WARSAW, Poland (AP) — Poland's prime minister on Tuesday vowed tougher punishments for those who sexually abuse minors after a new film spurred the country into grappling with the problem of abuse by priests.
The documentary "Tell No One" has triggered soul searching in the deeply Catholic country since it was released on Saturday on YouTube.
It contains harrowing testimony by men and women of being molested and raped as young children and teenagers by priests, trauma that ruined their childhoods. One attempted suicide, another became anorexic. A 39-year-old woman who was abused at the age of 7 describes having nightmares to this day and confronts her abuser, now an elderly man, who is captured with a hidden camera admitted his wrongdoing.
Shock over the allegations of the abuse and cover-up are a challenge to Poland's right-wing government, which is close to the Roman Catholic church. Only recently the head of the ruling party, Jaroslaw Kaczynski, spoke of an "attack" on the church over previous efforts to take on the church for its culture of secrecy and impunity.
The party, Law and Justice, has also been seeking to present the LGBT rights movement as a threat to young people.
Prime Minister Mateusz Morawiecki held a news conference in Warsaw with Justice Minister Zbigniew Ziobro to announce that the government has prepared legislation to more severely punish the abuse of minors.
Under the new legislation, which must still be approved by the parliament, the maximum sentence for such abuse will rise from 25 to 30 years.
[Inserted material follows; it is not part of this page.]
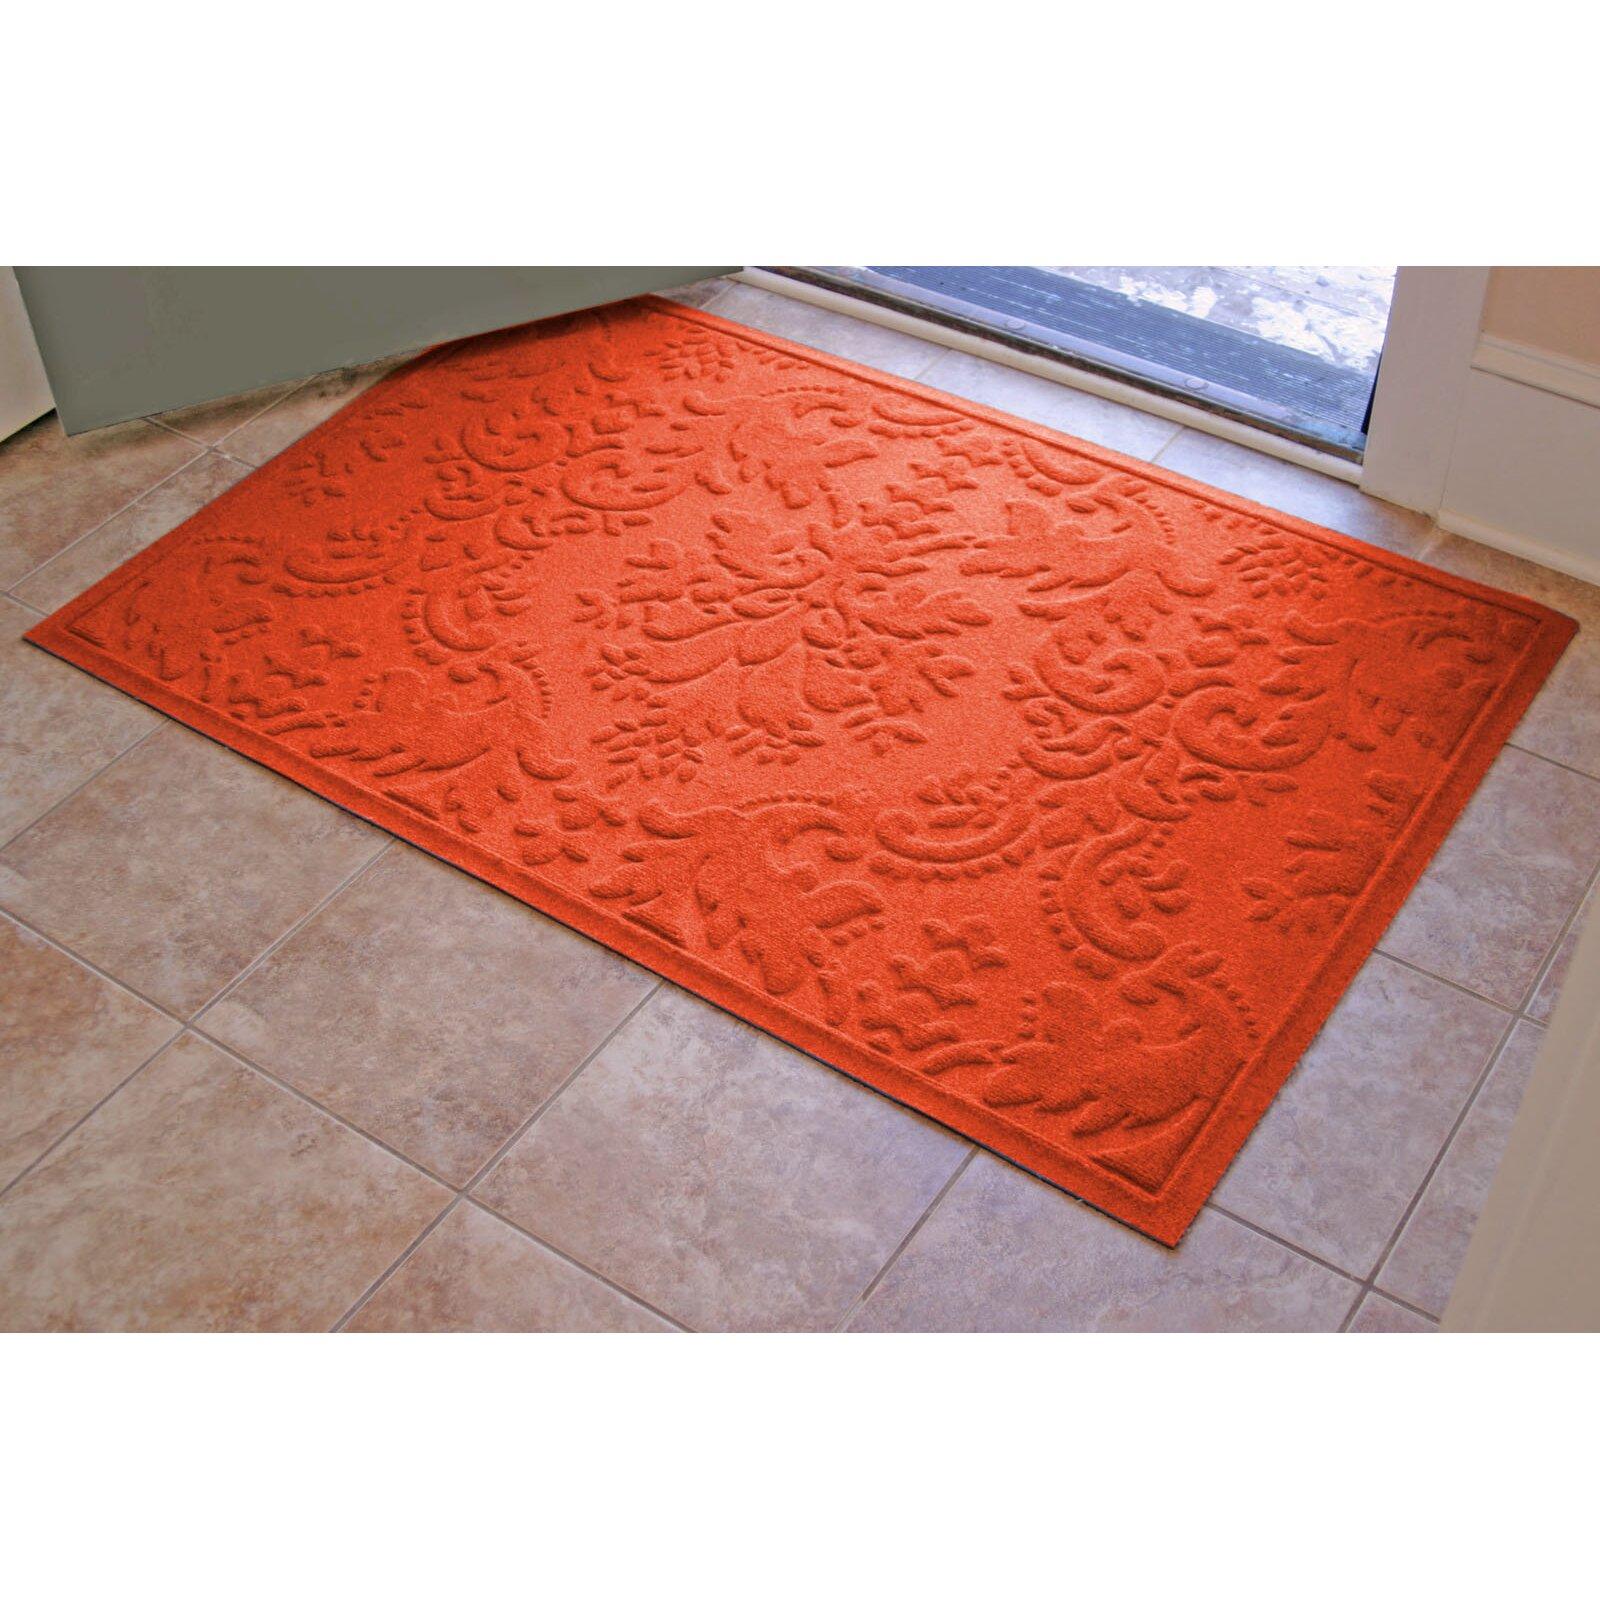 Bungalow Flooring Aqua Shield Damask Doormat & Reviews

"Every degenerate, disgusting, cruel, bestial crime, especially pedophilia, will be even more stigmatized than it is now," Morawiecki told reporters.
In other fallout from the film, church authorities on Tuesday covered up a statue of the late Pope John Paul II and a priest who according to the documentary allegedly committed abuse.
The statue in Lichen, a town in central Poland, depicts the Rev. Eugeniusz Makulski on his knees holding a model of a church that he had built, presenting it to John Paul.
After the film's release, his Marian order issued a statement saying Makulski has been relieved of performing any pastoral activities and evidence of wrongdoing had been sent to the Vatican.
"The suffering of victims of pedophilia committed by the people of the Church fills us with deep pain. Nothing can compensate them for this harm," the order said in a statement.